Charitable giving often reflects your age and stage in life. The latest available numbers from Statistics Canada show 84% of Canadians aged 15 and over – approximately 23.8 million people – donated at least once to charitable and nonprofit organizations in 2010. The average donor gave about $446 for the year, which adds up to $10.6 billion. The rates of giving are highest among those in the 35-to-54 age group.
Giving to charity isn’t just a smart strategy for community-building – it carries tax benefits, too. The Canadian tax system encourages gifts to charities by granting tax credits to individual donors. You get a 15% federal tax credit for the first $200 of eligible donations you make in a year. You can claim charitable gifts up to an annual limit of 75% of your net income – a number that rises to 100% for gifts made in the year of death and the year before.
“Charitable giving is top of mind in December, with holiday campaigns and the tax year-end approaching,” says Cindy Crean, Managing Director, Private Client at Sun Life Global Investments. “However, not everyone is aware of the full tax benefits associated with giving to charity.”
For example, the first-time donor’s super credit (introduced in 2013 and effective up to and including the 2017 tax year) provides an extra 25% non-refundable federal tax credit. This means a first-time donor can receive a total credit of 40% for the first $200 cash donated and 54% for the next $800.
Building charitable giving into your estate plan
Integrating charitable giving into your estate plan is another way to give back to the community. Planned giving can take the form of giving cash or donating shares, securities, mutual funds or life insurance. If you donate shares or other securities “in-kind” to charities, you get a tax break on the capital gains. Charities are accustomed to receiving gifts of securities and are well-equipped to handle these transactions.
“Many people aren’t aware of the benefits of charitable giving in their wills, unless they’re older and starting the estate planning process,” says David Freedman, counsel at Hull & Hull LLP in Toronto. “Giving to charity can be a great way to deal with assets, especially when you have valuable property, bonds or stocks. It can be more tax-efficient to donate these assets rather than cash.”
When it comes to capturing your charitable intentions in an estate plan, the experts have a few recommendations:
- Consider giving stocks, bonds, mutual funds, segregated funds or life insurance. Many people default to cash when it comes to planning bequests, but it may be more efficient to give stocks, bonds or mutual funds in-kind to charity. Not only does this eliminate capital gains taxation, it also gives the estate a charitable donation receipt for the fair market value of the shares. This could produce significant tax savings for an estate, depending on the situation, while providing the same benefit for the charity.
- Build in flexibility for your executor.
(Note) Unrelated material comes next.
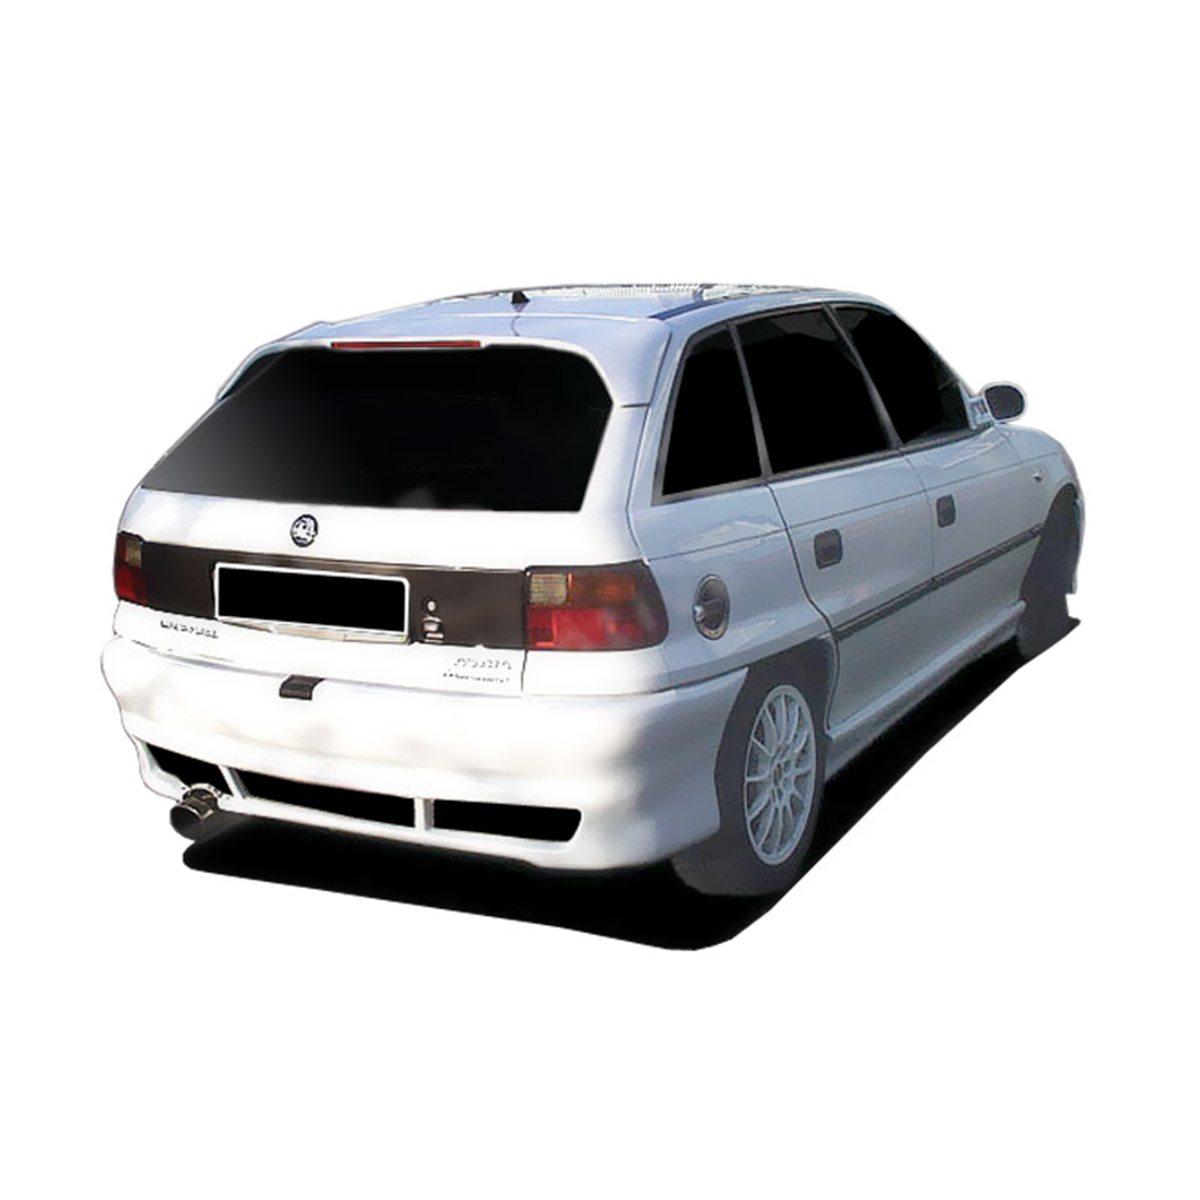 Opel-Astra-F-Hyper-2-Tras-PCA220

Sometimes, charitable gifts of a certain dollar figure are planned years ahead of a person’s death and reflect the financial situation of that person at the time of planning. “Five or 10 years later, the financial picture may have changed and the estate may not have the liquidity to satisfy the gift,” says Freedman. “It’s important to have the liquidity built into the estate to fulfill specific charitable obligations.” Life insurance is one way to help ensure liquidity. It’s worth building flexibility into your will to allow an estate trustee to make decisions that help achieve a greater tax-efficiency, adds Freedman.
- Revisit your estate plan on occasion. As with any good plan, regularly checking in is a good idea to capture any changes in personal circumstances or life events. “Seeking professional advice can help you build a personalized estate plan that matches your charitable intentions and optimizes the tax impact,” says Crean.
Whether you are motivated to give by pure generosity or a desire to reduce your tax bill, the benefit to the charities you support is the same. How you choose to give – and why – is up to you.
Charitable giving is just one aspect of managing your money. Professional advice about estate and financial planning can help you not only make the most of your retirement years, but also leave your estate in good shape.